Re: owl:sameAs/referential opacity Re: Can RDFstar be defined as only syntactic sugar on top of RDF (Re: weakness of embedded triples) from thomas lörtsch on 2020-10-29 (public-rdf-star@w3.org from October 2020)

From: thomas lörtsch <tl@rat.io>
Date: Thu, 29 Oct 2020 01:14:20 +0100
To: Pierre-Antoine Champin <pierre-antoine.champin@ercim.eu>
Cc: Jerven.Bolleman@sib.swiss, public-rdf-star@w3.org
Message-Id: <1B709C35-8B9E-4B5F-98C3-138B720A7947@rat.io>
Pierre-Antoine,

I sympathize with the goal of referential opacity but it seems like you have to work hard against the mechanics of RDF to achieve something within RDF that RDF by its very nature does not only not support but rather aims to get past.

Another question is if the need for referential opacity isn’t rather special and therefor could better be realized through a special mechanism rather than as the guiding design principle. Provenance is only one use case for statement annotation and even then the demands are usually not as extreme as your semantics try to support.
The argument that it’s easier to add functionality than to take it away later sounds good and true but maybe it’s not when the system within which you are working - RDF - is already based on another paradigm.

Why not go another route and document the original statement as a string - withdrawn from all greedy reasoners - when the need arises and in all other cases just live with the unavoidable unhelpful entailment now and then. That’s actually not my idea but yours, below ;-)

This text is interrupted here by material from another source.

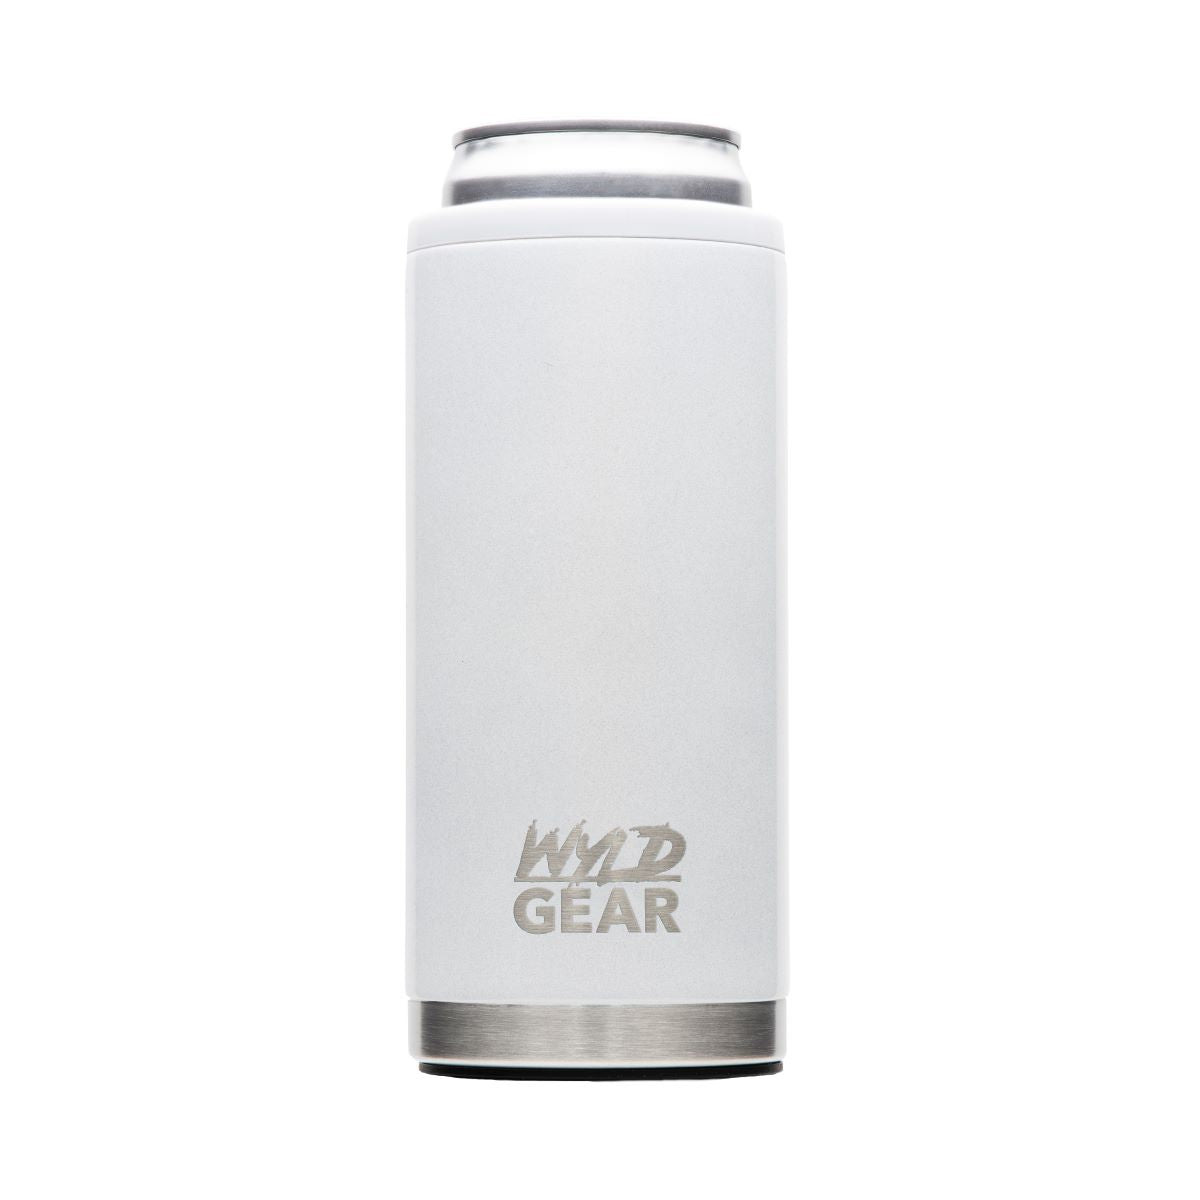 'Wyld Gear' 12 oz. Slim Can Holder - White

> On 28. Oct 2020, at 19:31, Pierre-Antoine Champin <pierre-antoine.champin@ercim.eu> wrote:
> 
> Jerven,
> 
> On 28/10/2020 18:32, Jerven Tjalling Bolleman wrote:
>> Hi Pierre-Antoine,
>> 
>> Splitting the reply, especially the first part into a different e-mail regarding syntactic sugar.
>> 
>> Maybe talk about referential opacity in face of owl:sameAs as a single topic.
>> I think this is a tricky thing, and well worth considering dropping.
> Agreed
>> 
>> Your examples
>> 
>> << dbr:Paris dbo:populationTotal 2229621>> :assertedBy
>>  <http://dbpedia.org> .
>> << geo:2229621 gn:population 2138551>> :assertedBy
>>  <http://geonames.org> .
>>   dbr:Paris owl:sameAs geo:2229621.
>> 
>> inferes to me no more than
>> 
>> << geo:2229621 dbo:populationTotal 2229621>> :assertedBy
>>  <http://dbpedia.org> .
>> << dbr:Paris gn:population 2138551>> :assertedBy
>>  <http://geonames.org> .
>> 
>> which to me seems a reasonable thing as Paris is Paris ;)
> The point is : you assume that my triple above means
> 
>    (1) DBpedia says that Paris has a population of 2229621.
> 
> while I want it to mean
> 
>     (2) DBPedia says: “Paris has a population of 2229621”.

!

> From (1), we can infer
> 
>     (3) DBPedia says that the capital of France has a population of 2229621.
> 
> because we know that Paris is the capital of France, so the two cited facts are equivalent.
> 
> but from (2), you can NOT infer
> 
>     (4) DBPedia says "the capital of France has a population of 2229621"
> 
> because those are not the terms used by DBPedia. The two statements are different (even if they describe equivalent facts).
> 
> Referential opacity is more flexible, because from the statement we can find the fact (by just interpreting the terms); the opposite is not true, because from a fact, we can not find the precise terms that were used to state it.
> 
>> 
>> The clarkKent/superman example to me always fails because to me
>> they are nor the same thing but two alter ego's of Kal-El. i.e.
>> :clarkKent is not the sameAs :superman.
> I see your point, but I would not go as far as saying that one way of modeling it is correct, and the other is wrong.
> 
> Am I *really* the same person when I play with my kids, when I teach my students, and when I discuss Semantic Web philosophy? In that respect, is it correct or not to state
> 
>     <http://champin.net/#pa> owl:sameAs <http://orcid.org/0000-0001-7046-4474>
> 
> in my FOAF profile?
> 
> To sum it up: granted, the Superman example is maybe not perfect, because it could obviously be modeled otherwise (or, say, more obviously than other examples).
> 
> But I think the proposed modelling is valid, and so the problem it depicts is real.
> 
>> 
>> Or alternatively, once
>> :louisLane infers/finds out :clarkKent owl:sameAs :superman, she does believe
>> :clarkKent :can :fly .
> Yes, but the whole point is: we don't want to assume that she knows it, even if WE know it.
>> In which case it is fine to not have opacity.
>> 
>> However, there are still ways arround to get the this behaviour
>> without referential opacity being a requirement. For example in graphdb by ontotext infered statements are in a different named graph. Which for the SPARQLstar side allows asking on demand if referential opacity is desired or not.
> That's an implementation detail.
> 
> RDF(S) semantics makes no distinction between "stated triples" and "inferred triples". So unless we change the semantics of RDF (!),

!!

Thomas


> the proposed strategy does not work in general (only with some specific implementations).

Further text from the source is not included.